### [INFORMATION PROVIDED]
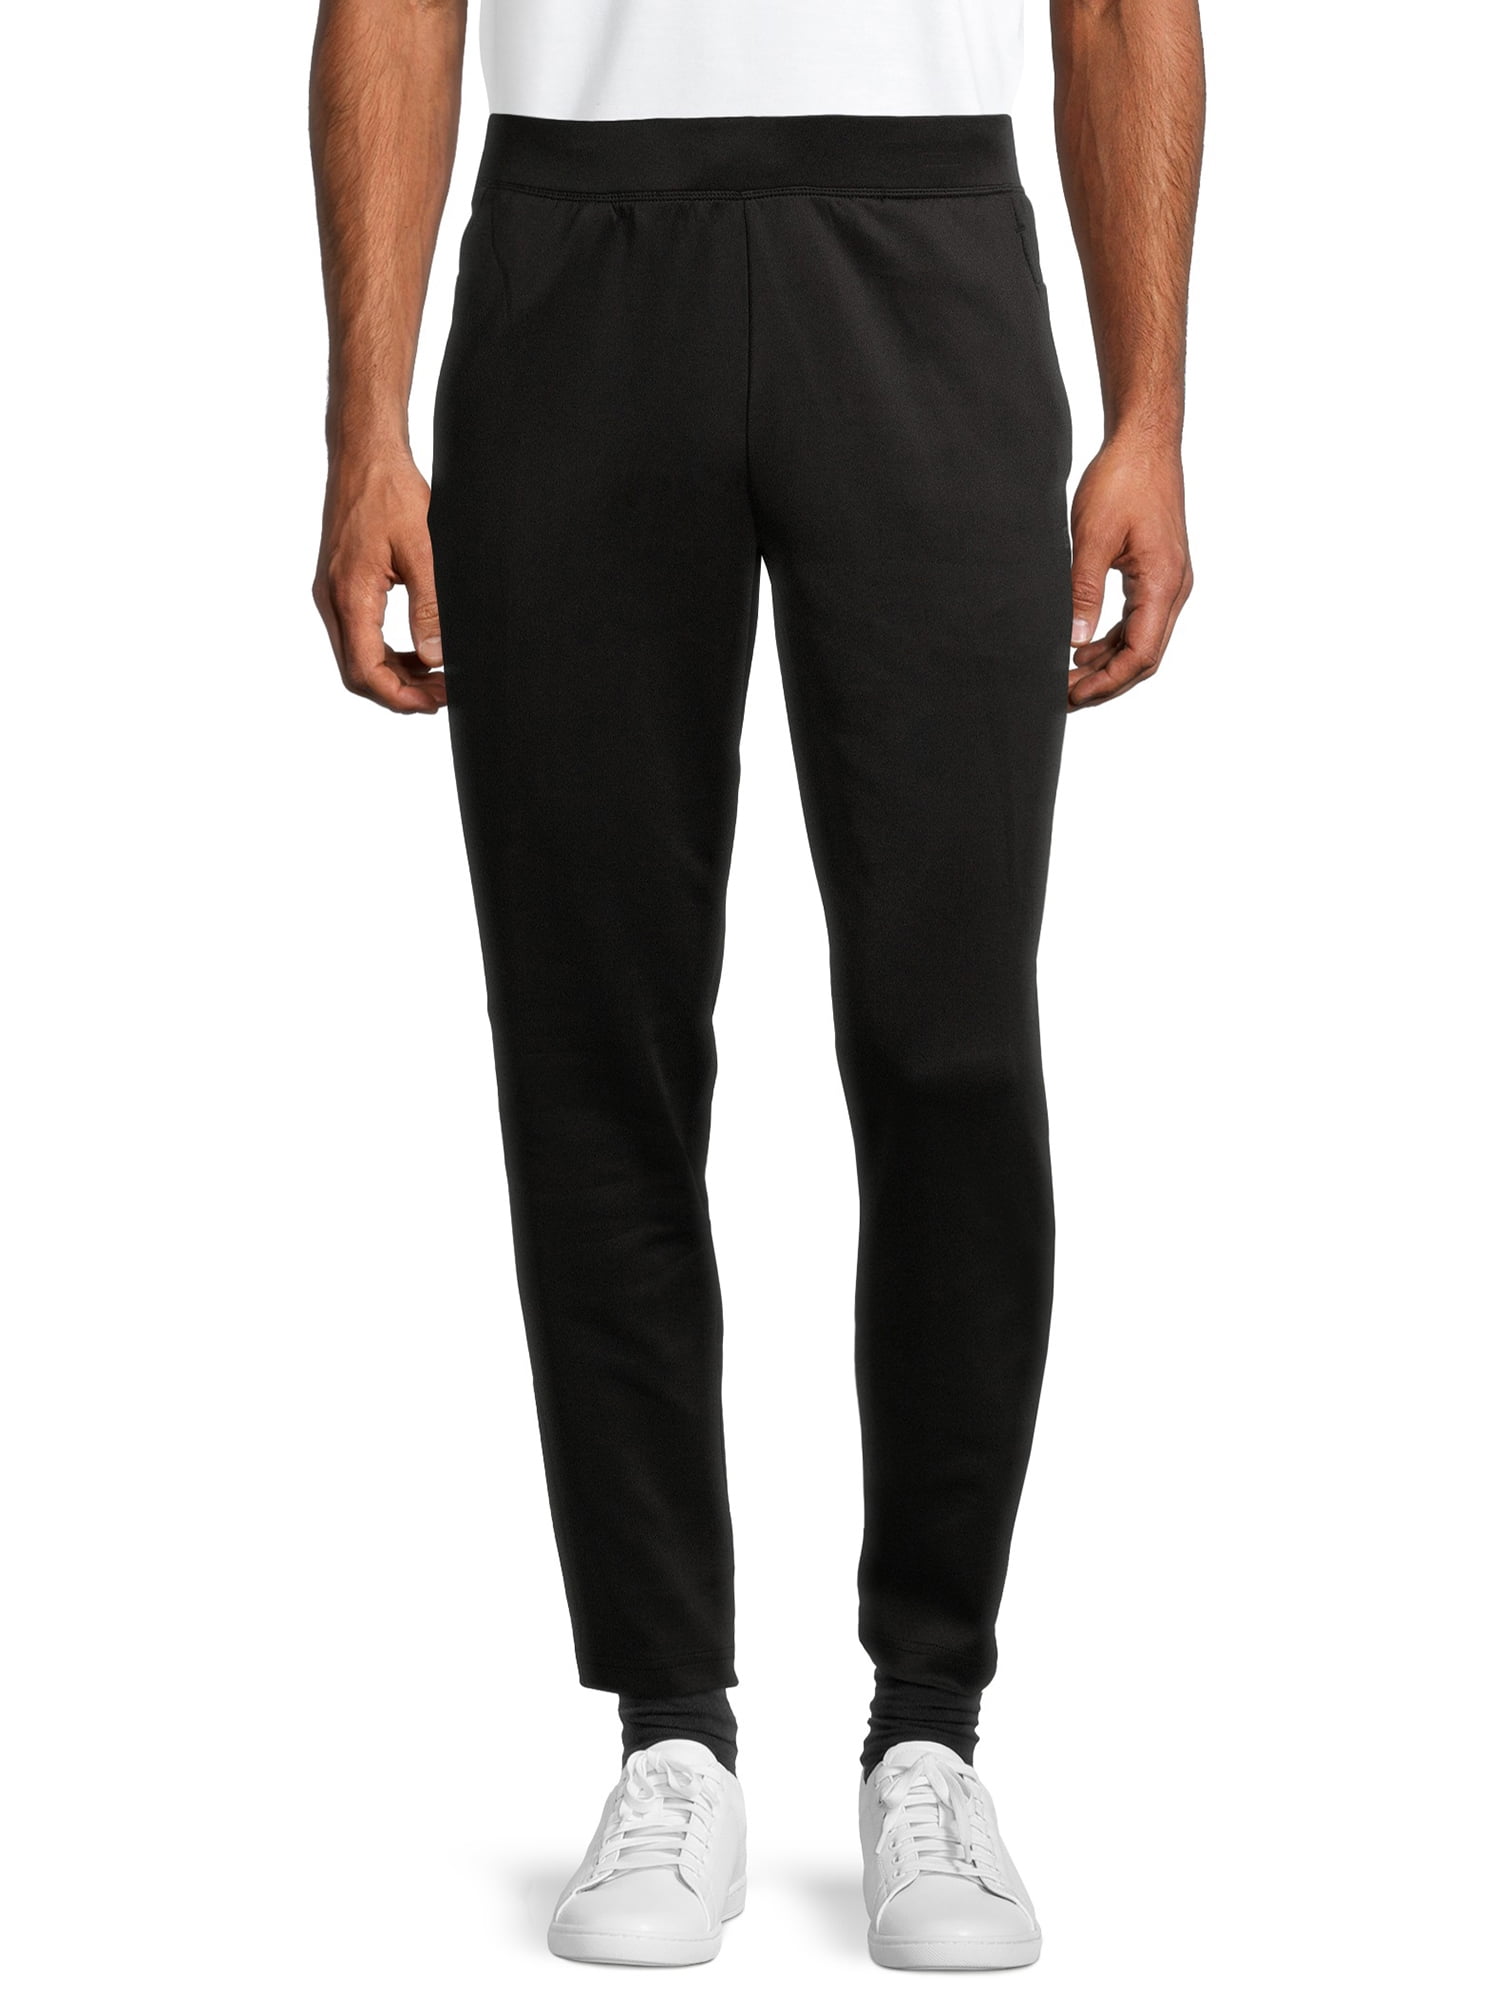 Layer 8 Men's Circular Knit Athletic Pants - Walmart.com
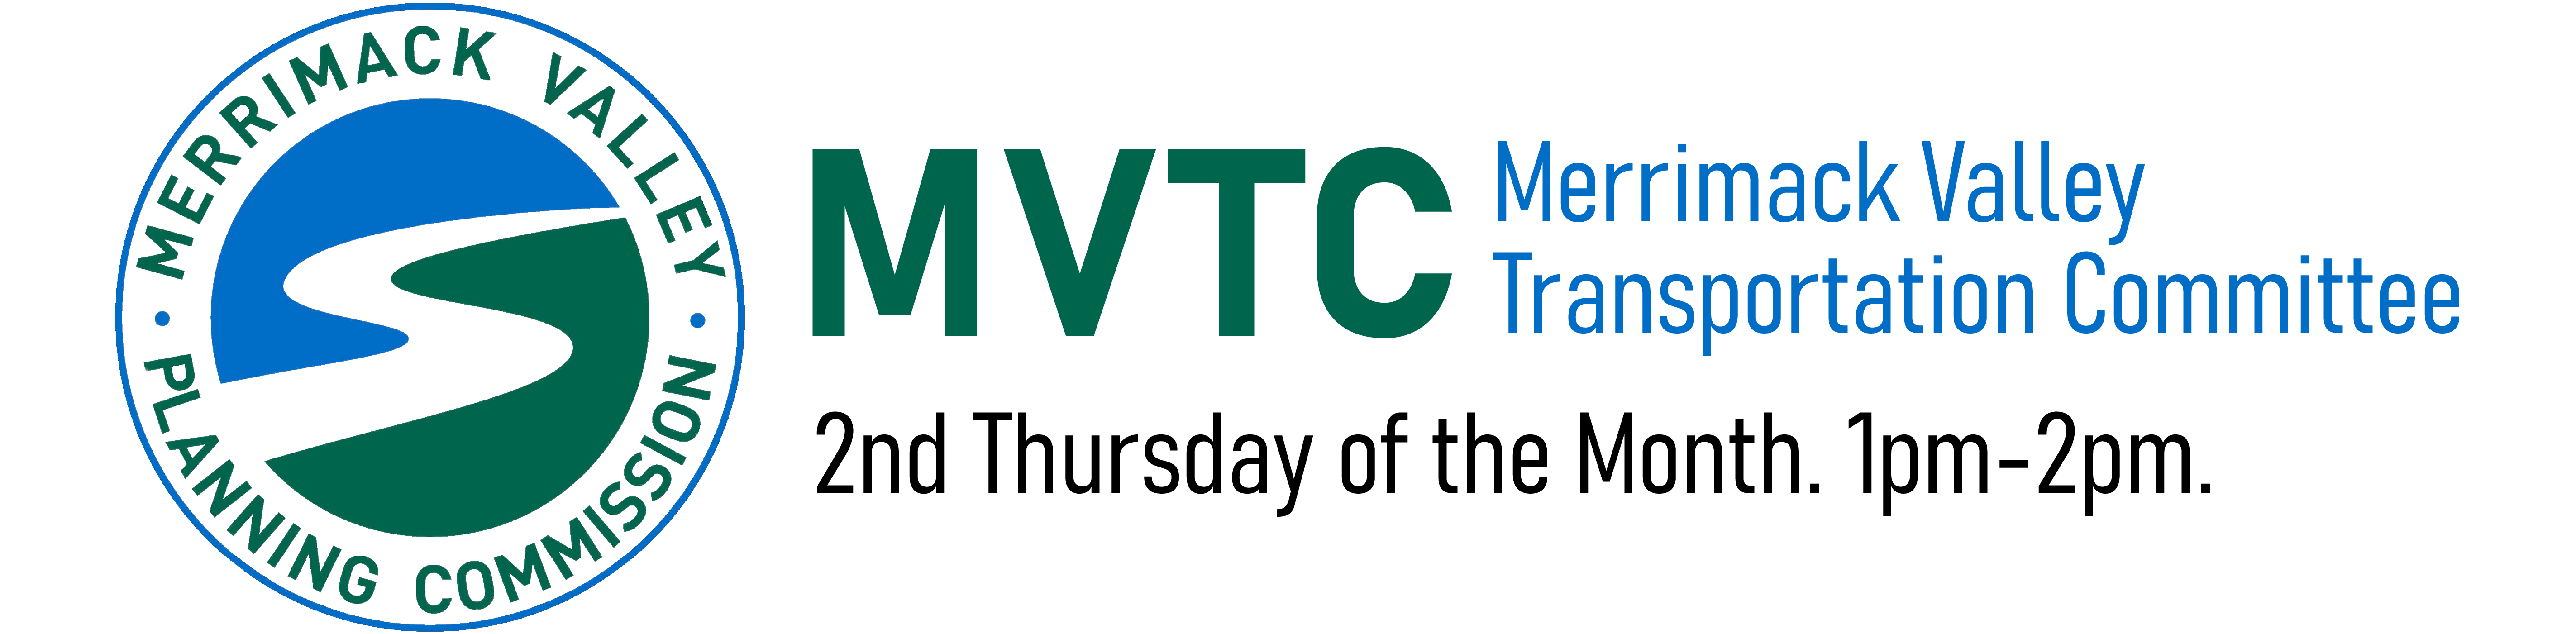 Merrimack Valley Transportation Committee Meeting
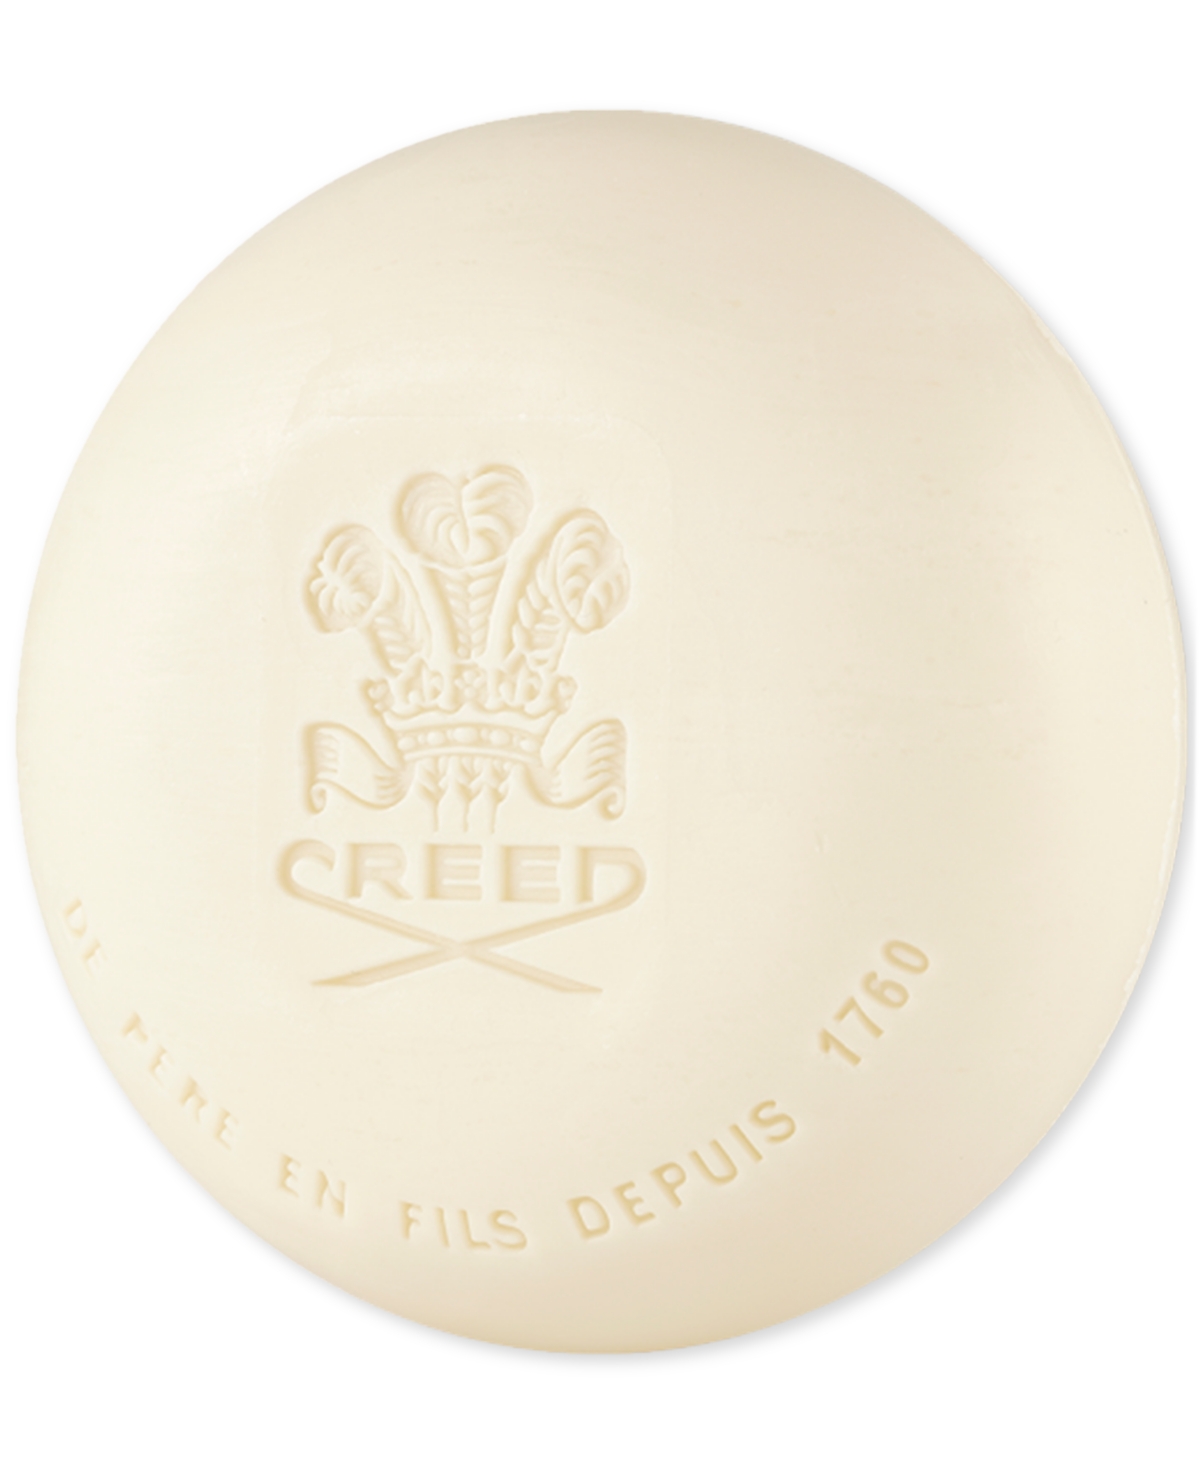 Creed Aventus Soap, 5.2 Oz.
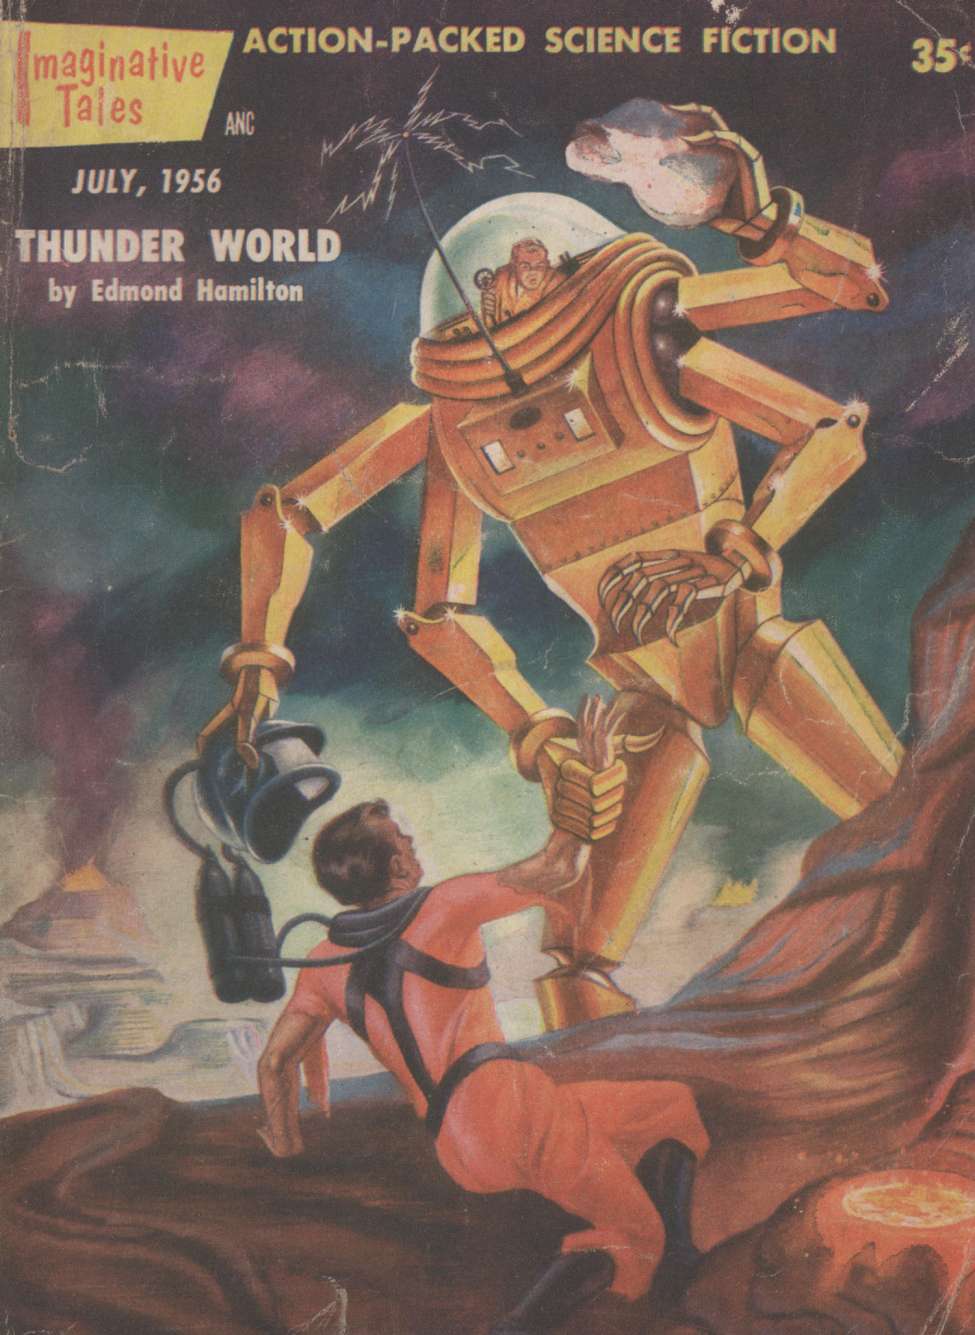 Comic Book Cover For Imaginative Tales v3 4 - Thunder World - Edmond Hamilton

### [WHAT IS BEING ASKED]
What the answer needs is every line from the one containing "Merrimack Valley Transportation" through the final line of the data above, copied exactly, without pictures.

### [REPLY]
 Merrimack Valley Transportation Committee Meeting
 Creed Aventus Soap, 5.2 Oz.
 Comic Book Cover For Imaginative Tales v3 4 - Thunder World - Edmond Hamilton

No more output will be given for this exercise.